A numerical modeling study on the influence of porosity changes during thermochemical heat storage

Abstract

Thermochemical energy storage can achieve high storage densities as well as nearly loss-free long-term storage, while offering charge or discharge on demand. Suitable materials consist of solid and gaseous components, where the dosage of reacting gas in the reactor can easily be regulated to control the reaction. Most materials currently investigated for thermochemical heat storage feature a volume change of the solid reactive material during the reaction. To study this effect and its influence on the reaction performance, we present a numerical model that can capture the changing hydraulic properties of the solid reactor fill, represented by the parameters porosity and permeability. This model is applied to a quasi-1D setup for the reaction system CaO/Ca(OH)2.This study shows that both porosity alteration and induced permeability change have a significant effect on the performance of the reaction. Solid volume changes are about 50% with initial porosities at 0.6 for charge and 0.8 for discharge. Depending on the porosity-permeability relationship, the corresponding changes in permeability are about one to two orders of magnitude.

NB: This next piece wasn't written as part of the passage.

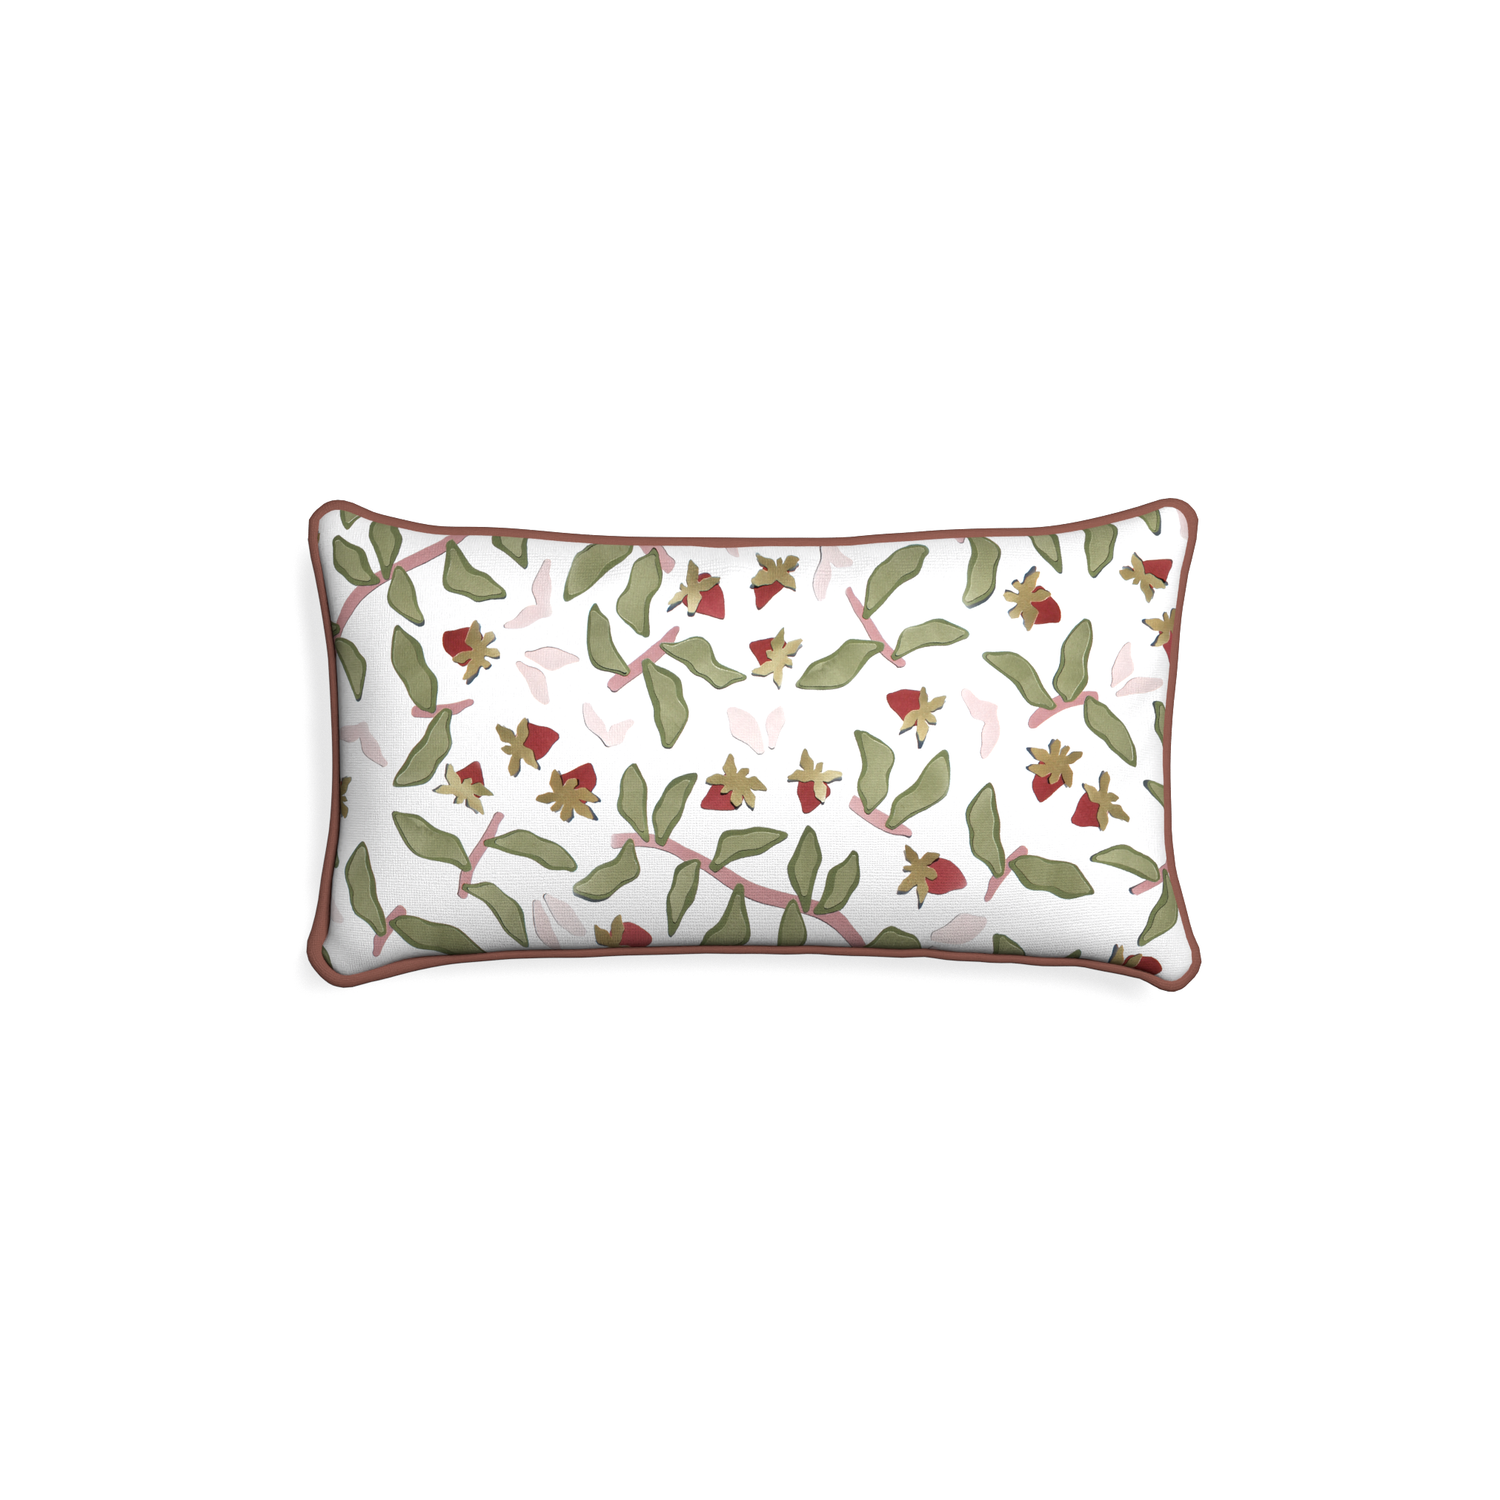 Petite-lumbar nellie custom strawberry & botanicalpillow with w piping on white background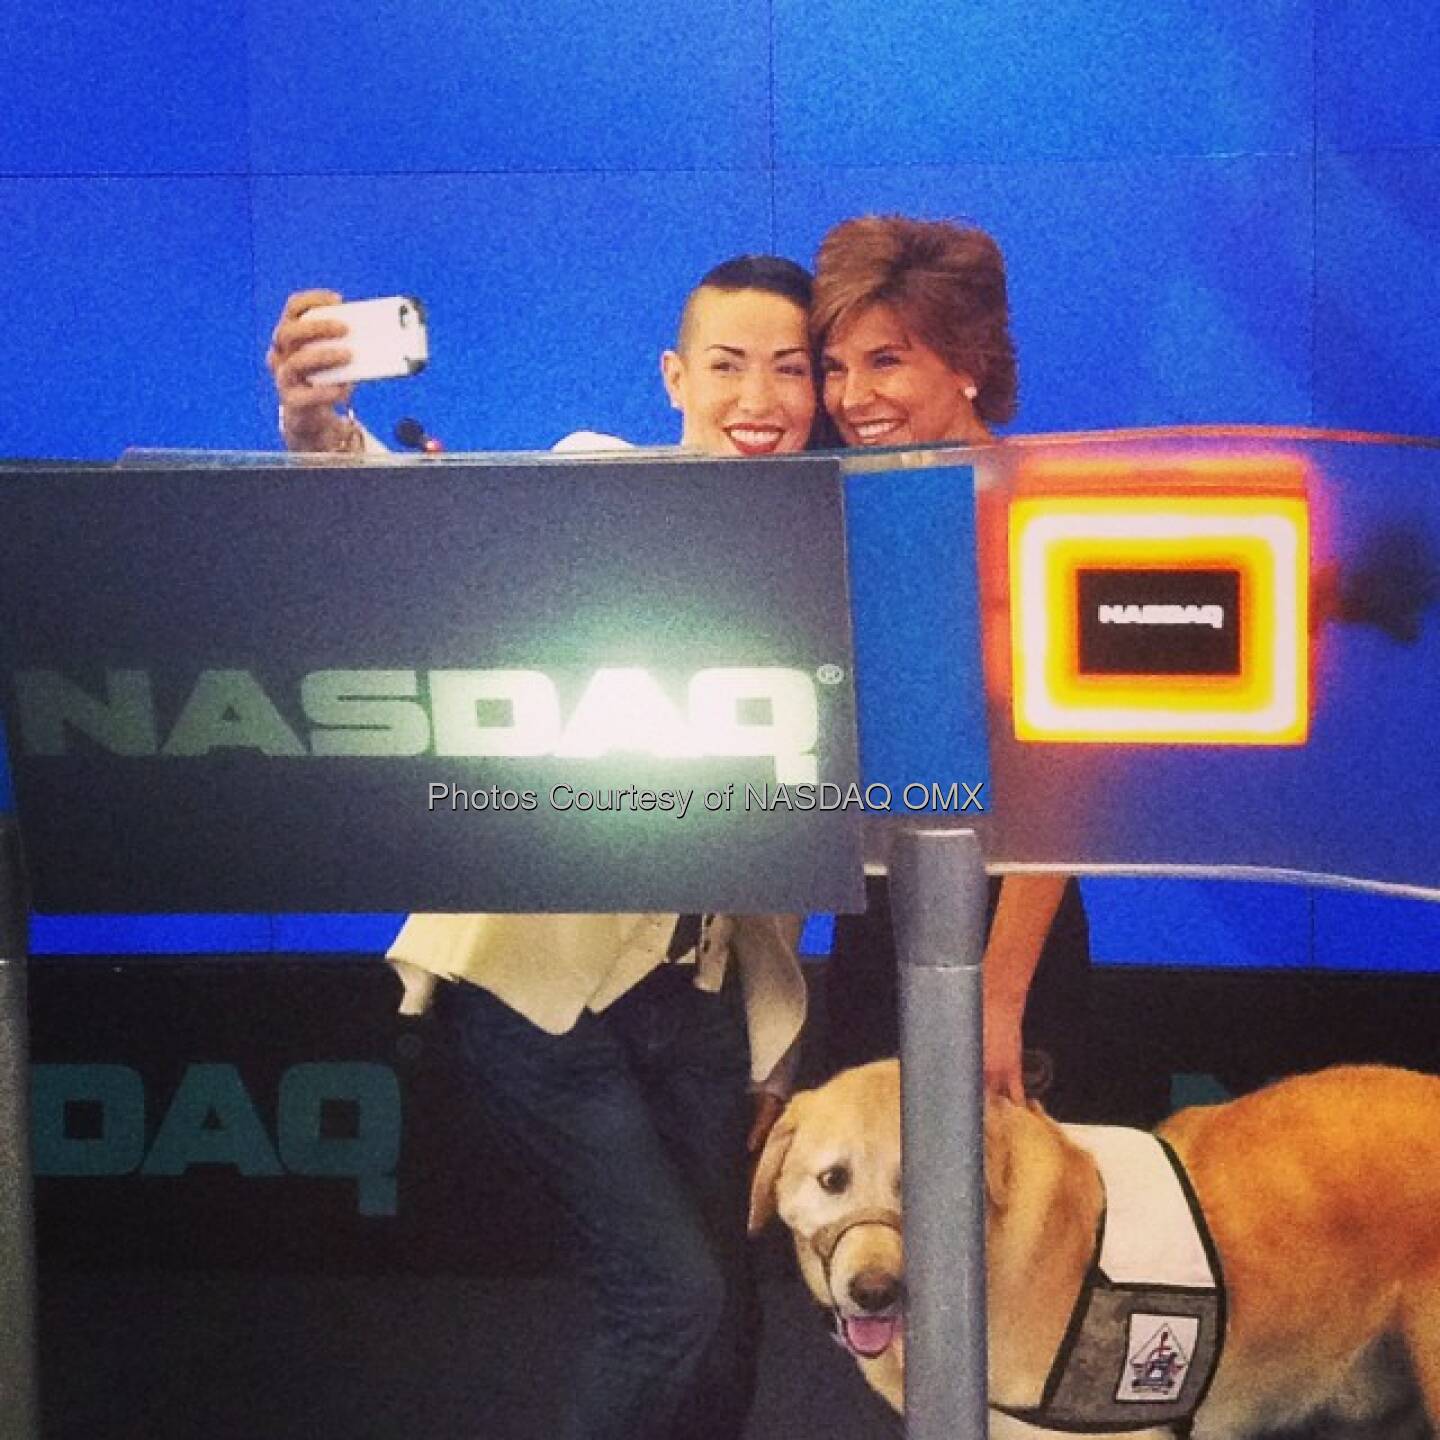 Quick #selfie at the #NASDAQ closing bell with designer Norisol Ferrari and retired Army Captain Leslie Nicole Smith #salute  Source: http://facebook.com/NASDAQ

The porosity influences the shape of the reaction front and the amount of released (or consumed, depending on charge or discharge) heat. The permeability of the solid material strongly affects the velocity of the reaction front and thus the time necessary for complete conversion. We conclude that the hydraulic properties of a specific reaction system have to be well understood to (i) include the relevant processes in the conceptual model, and thus (ii) allow for more reliable predictions on the performance of the reaction.